Pascall also highlighted sulfur supply risks, saying tensions have affected supply and were “further exacerbated with export restrictions” from sulfur-originating countries, including Zambia. He said the Kansanshi smelter produced about 1.1 million tonnes of sulfuric acid in 2025 and that the company is currently self-sufficient in acid, with potential to be in surplus by the end of the second quarter as the smelter expansion ramps up. CFO Ryan MacWilliam later said the company is currently selling about 10,000 tonnes per month of acid, with potential to increase to 20,000 tonnes per month depending on grades, and estimated the incremental sales at current spot prices could be about $3 million per month, while cautioning the situation is evolving.
Financial results: Lower sales volumes, hedge losses, and rising costs
MacWilliam said first-quarter revenue declined 5%, primarily from lower copper and gold sales volumes. Lower revenue and increased hedge losses drove a 30% reduction in EBITDA, and the company posted an adjusted loss per share of $0.18.
Copper C1 cash costs rose 14%, which MacWilliam attributed to lower Zambian production and higher labor costs, with the “continued strength of the Zambian kwacha” cited as a key driver. He said stronger gold prices provided a $0.12 per pound by-product credit, helping offset costs. Nickel C1 costs improved by $0.60 per pound due to strong production, and MacWilliam said Enterprise generated the best margins among the company’s assets in the quarter.
MacWilliam said the company updated its C1 cash cost guidance due to three structural changes discussed on the call:
- Inclusion of low-grade stockpile processing in Panama
- A shift at Guelb Moghrein to a copper-focused production strategy for 2026, treating gold as a by-product
- Updated guidance reflecting the sale of Çayeli
As a result, First Quantum updated its C1 cash cost range to $2.15 to $2.40 per pound, an increase of $0.20 from prior guidance.

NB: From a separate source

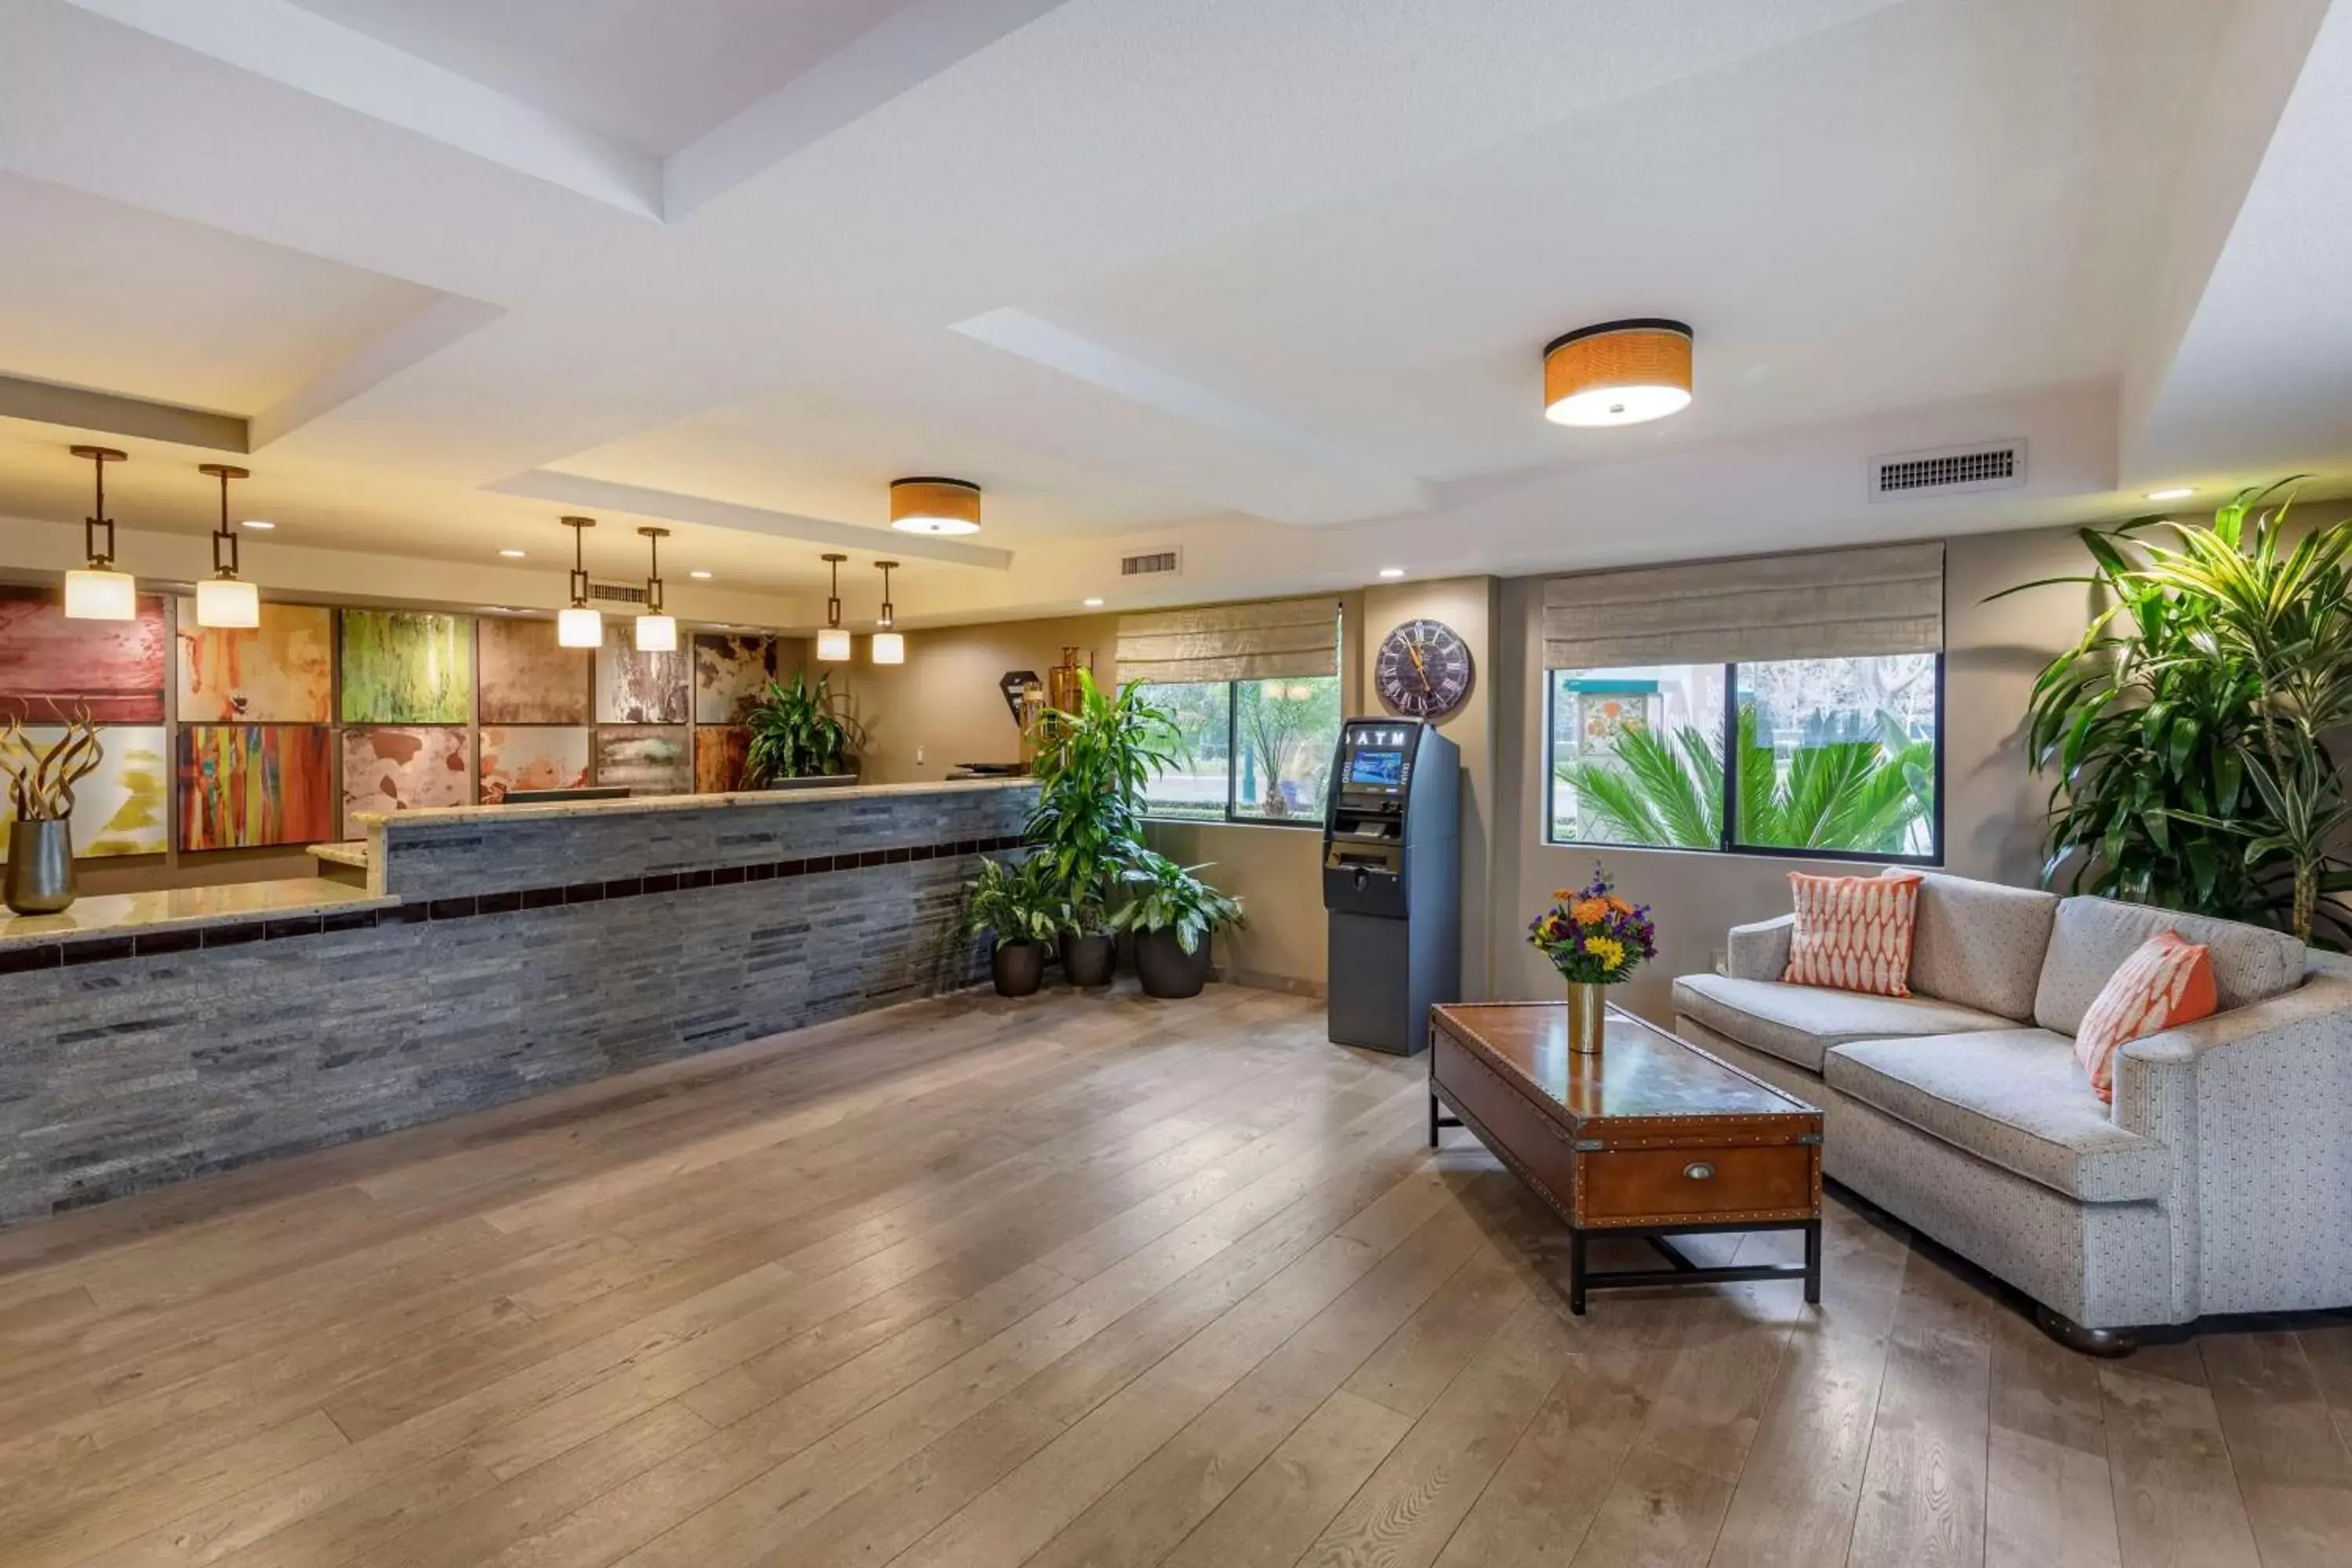 Lobby or reception, Lobby/Reception in Best Western Plus Anaheim Inn

The company did not change guidance for recent moves in oil, gold and copper prices or the kwacha, but MacWilliam emphasized fuel remains a significant risk, accounting for roughly 15% of the cost base (about 8% direct exposure, with the remainder indirect).

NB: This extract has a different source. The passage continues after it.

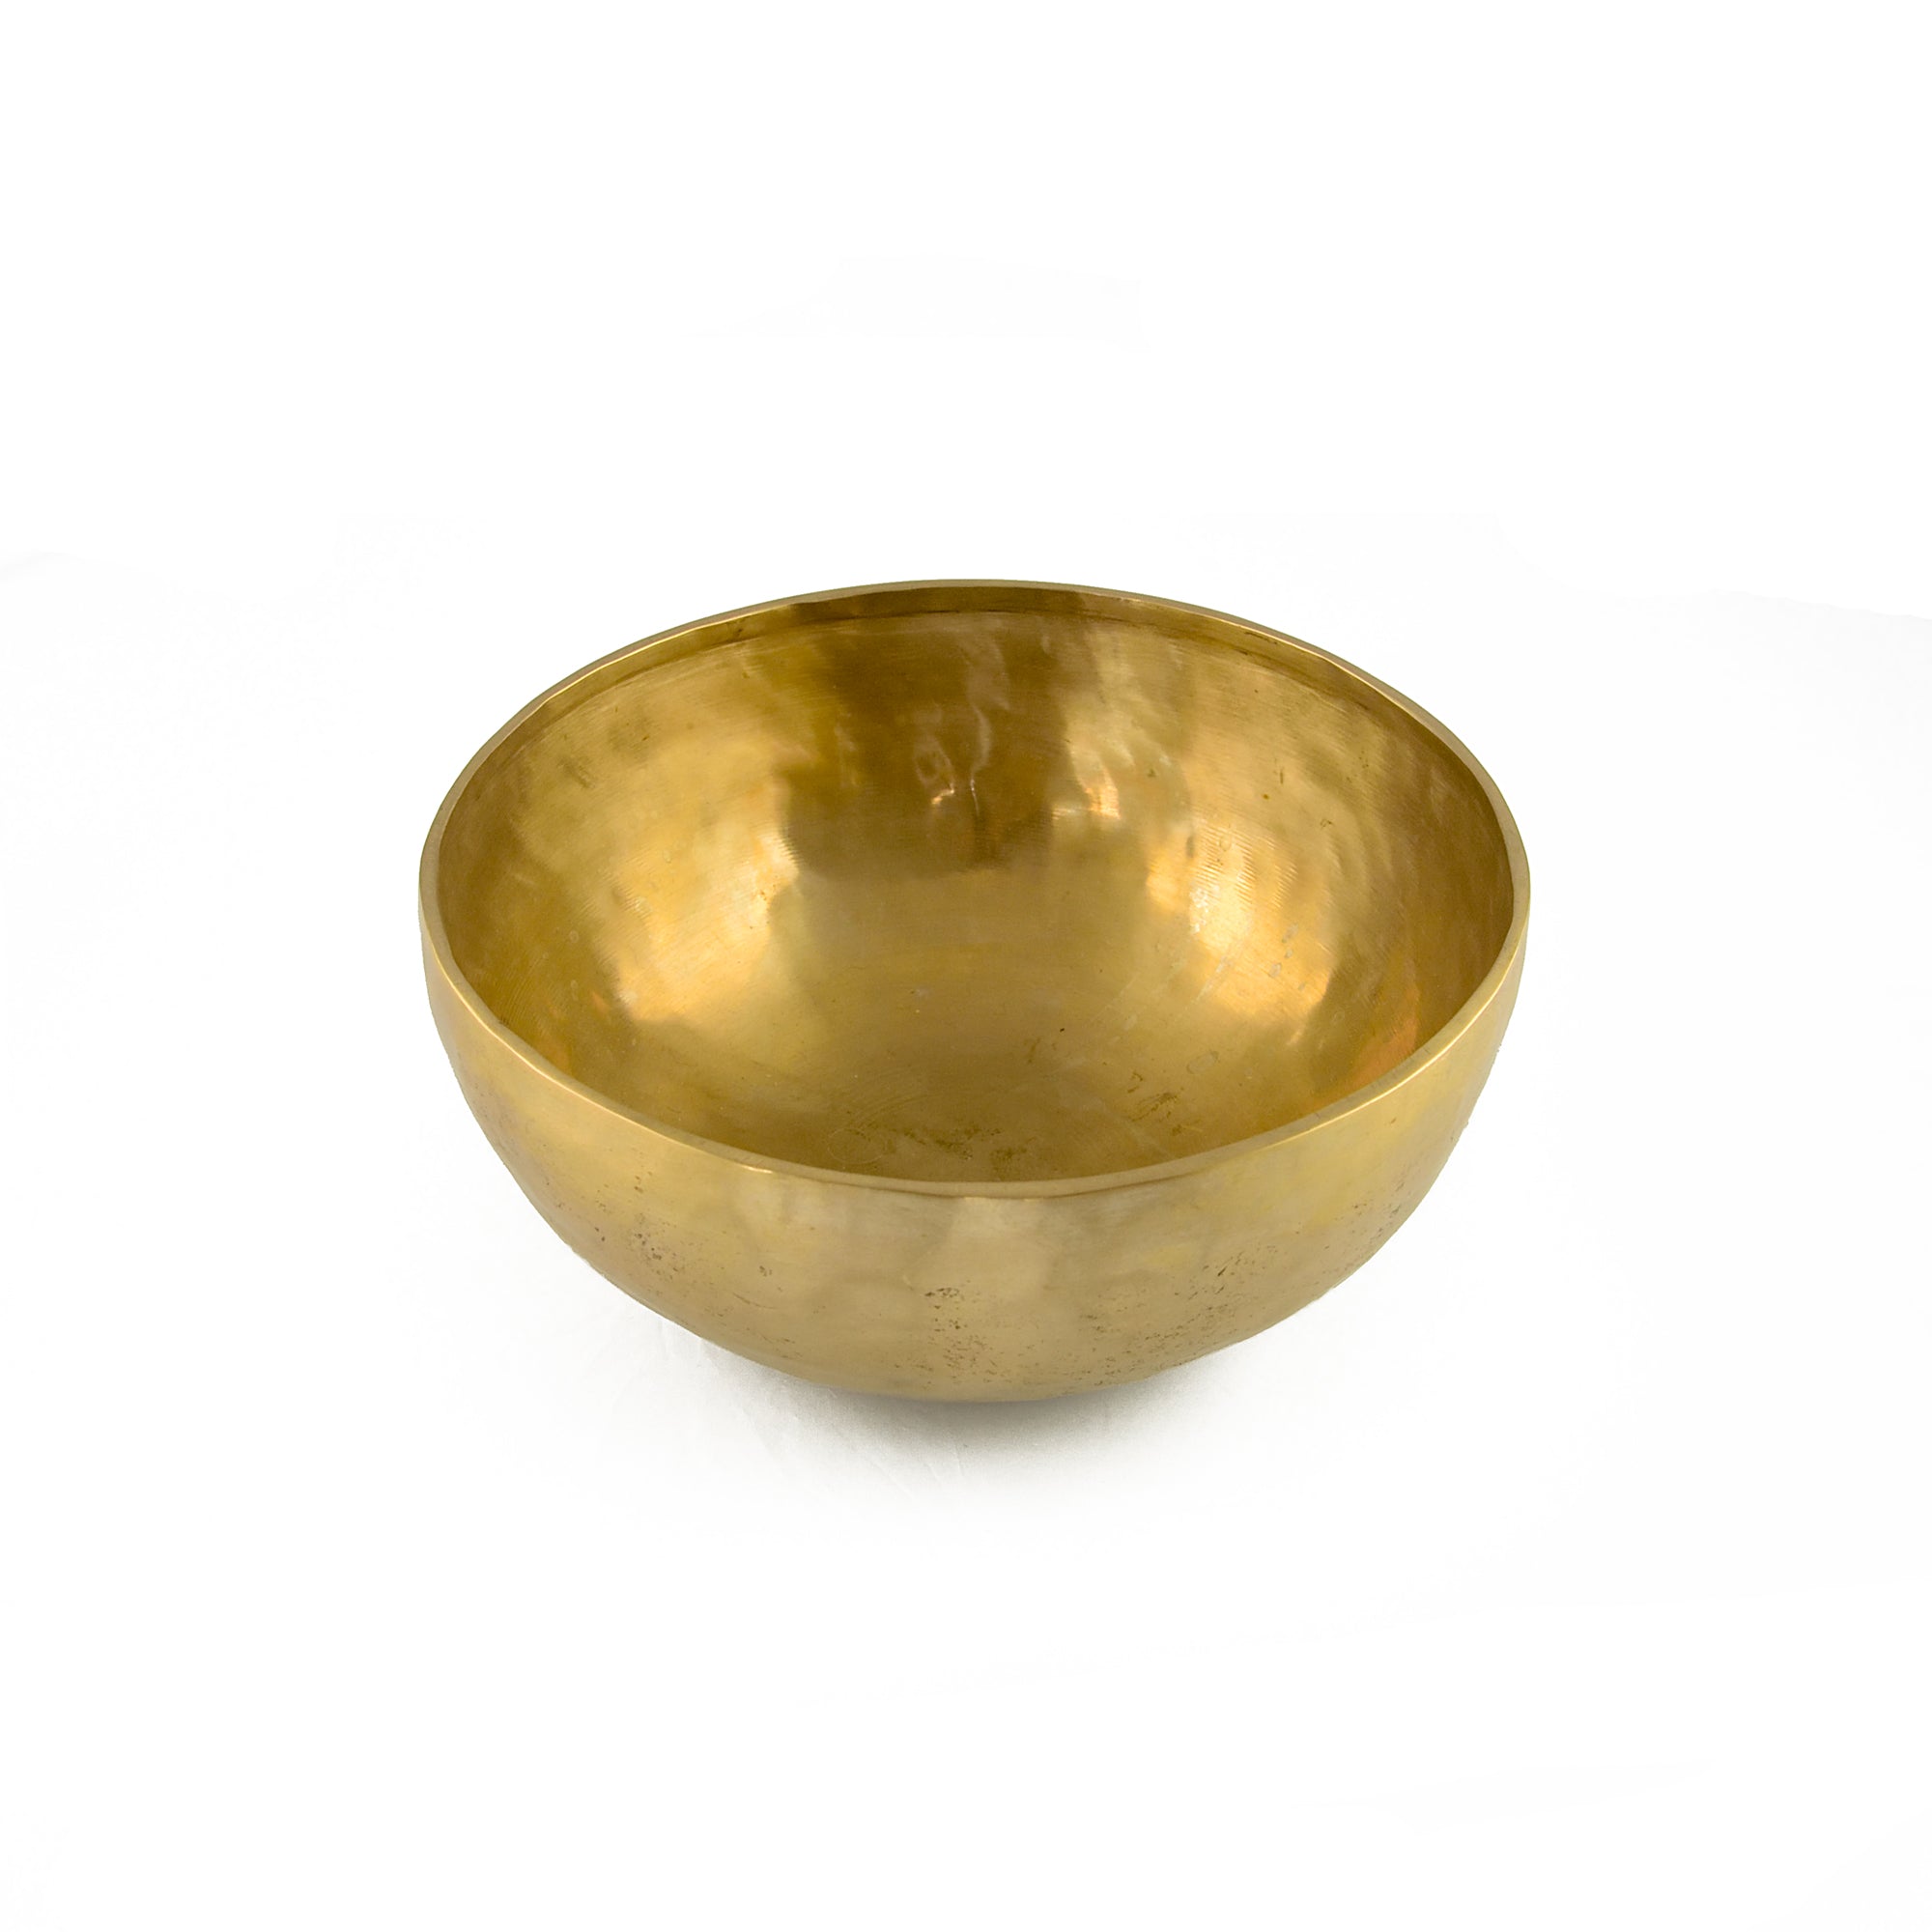 Tibetan Singing Bowl (Small/Medium) 530-749 gm

He said current gas oil futures imply a potential $0.20 per pound unit cost increase versus revised guidance from direct and indirect fuel impacts, and a sustained kwacha could add another $0.10. He estimated higher consensus gold prices could offset about $0.05, for a net potential impact of about $0.25 per pound, with many cost effects expected to lag and appear more in the second half of the year. In response to an analyst question, MacWilliam said the company had not yet felt the full impact of higher diesel prices during the quarter due to the lag, noting diesel was around $0.85 per liter before the conflict, versus around $1.60 per liter currently, with spot levels reaching as high as $2 per liter.
Cobre Panamá: Stockpile processing approval, costs, and “cash neutral” outlook
Pascall said the company received formal approval on April 7, 2026 to remove and process stockpiled ore at Cobre Panamá via Resolution No. 27. He said the resolution confirms the material was mined while the concession was in force and is therefore First Quantum’s property, and called it an important step in responsible environmental management.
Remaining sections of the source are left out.